O título que Ted Bundy – A Irresistível Face do Mal ganhou em terras brasileiras poderia tranquilamente ser substituído por algo como “a sedutora face da demência”. Essa cinebiografia dirigida pelo documentarista Joe Berlinger é uma versão ficcionalizada (ou nem tanto) de um dos maiores assassinos em série da história dos Estados Unidos. No caso, Ted Bundy que, provavelmente entre 1974 e 1978, matou trinta mulheres. Pelo menos é esse o número que ele acabou confessando depois de jurar inocência por muitos anos. A polícia acredita que a lista de vítimas seja mais extensa e chegue a uma centena de mulheres assassinadas em um intervalo de tempo maior que apenas entre 1974 e 1978.
O título original do filme, Extremely Wicked, Shockingly Evil and Vile, que pode ser traduzido como “extremamente cruel, chocantemente mal e vil”, ganhou aqui um título mais sedutor. E o título adotado no Brasil é perfeitamente coerente com o ponto de vista escolhido pelo diretor para conduzir toda a narrativa. O roteiro é baseado no livro de memórias The Phantom Prince: My Life with Ted Bundy escrito pela namorada de Ted Bundy, Elizabeth Kloepfer, sob o pseudônimo Elizabeth Kendall. No filme, ela é interpretada por Lily Collins. Por esse motivo, o trabalho de Joe Berlinger mostra uma aura muito mais sedutora do que cruel do criminoso.
O protagonista poderia ter seguido uma carreira brilhante, auxiliando a sociedade.

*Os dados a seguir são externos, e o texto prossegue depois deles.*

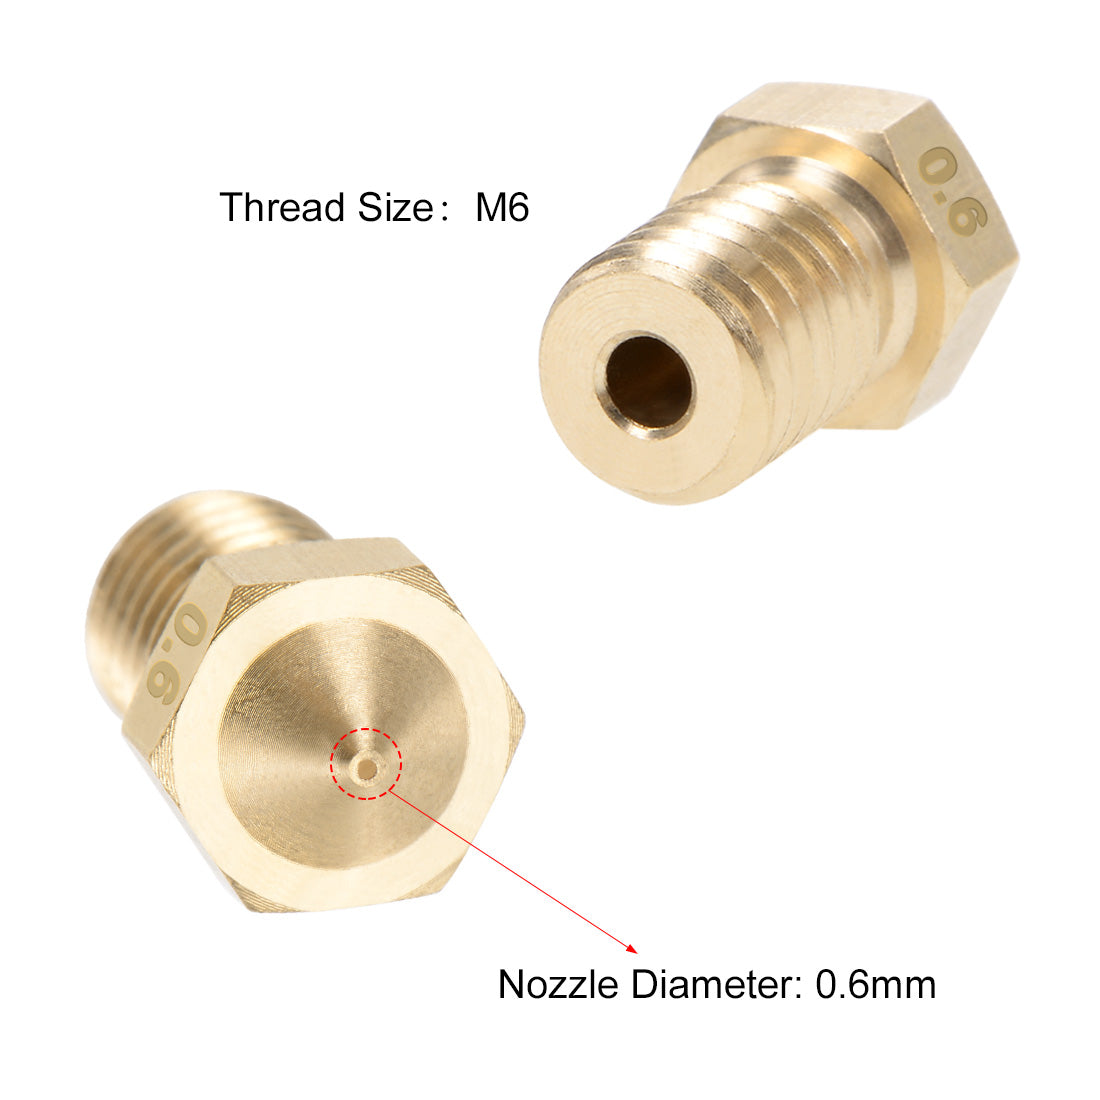 uxcell Uxcell 0.6mm 3D Printer Nozzle Head M6 for V5 V6 1.75mm Extruder Print, Brass 2pcs

Mas, por motivos desconhecidos, optou por tornar-se um ser monstruoso disfarçado de bom e belo moço. É um filme desconcertante, daqueles para se sair da sala de cinema incomodado.
A produção foca bem mais nos adjetivos positivos do protagonista do que em sua lista de atrocidades. Tanto que o filme praticamente não registra as cenas de violência de Ted Bundy e possui um viés narrativo que, não raras vezes, lança a dúvida se ele realmente foi capaz de ter realizado tudo o que se conta que ele fez. Quando se fala que um título alternativo para esse trabalho poderia ser “a sedutora face da demência”, está-se referindo ao caráter doentio da atuação do criminoso, que não incluía apenas homicídios, mas, também, estupros, e tudo isso aliado a mutilações e decapitações.
Mas a ótica adotada pela narrativa mostra o quanto o personagem central era educado, charmoso, carismático, bom marido e bom pai adotivo, dotado do dom de expressar-se bem e um esforçado estudante de direito. Tão esforçado que quando sua trajetória já estava tanto complicada quanto conhecida por multidões (o julgamento de Ted Bundy foi o primeiro da história dos Estados Unidos a ser transmitido pela televisão), ele chegou a dispensar advogados e fazer a própria defesa.
O direcionamento das lentes para essa face sedutora (que beira o “irresistível” adotado pelo título em português) abre margem para questionamentos e críticas a respeito da conduta ética de se glamourizar a violência. Ou de se lançar a dúvida sobre a existência dos crimes que um dos serial killers mais conhecidos acabou confessando antes de ser condenado à morte na cadeira elétrica.
Feitas as considerações sobre as questões éticas, convém comentar que, como obra de arte, o filme tem várias qualidades: a ordenação das cenas (didática e fundamentada em vários flashbacks), a fluência da história, a naturalidade dos diálogos e a entrega nas interpretações. Zac Efron está muito bem no papel do protagonista, assim, como John Malkovich interpretando o juiz Edward Cowart.
O julgamento, aliás, é um dos momentos marcantes do filme. Ao personagem de John Malkovich coube um dos destaques. Em meio às palavras proferidas para a sentença, o juiz expõe o que, certamente, boa parte do público já deve estar pensando àquela altura da projeção: “que desperdício de talento e humanidade!” O protagonista poderia ter seguido uma carreira brilhante, auxiliando a sociedade. Mas, por motivos desconhecidos, optou por tornar-se um ser monstruoso disfarçado de bom e belo moço. É um filme desconcertante, daqueles para se sair da sala de cinema incomodado.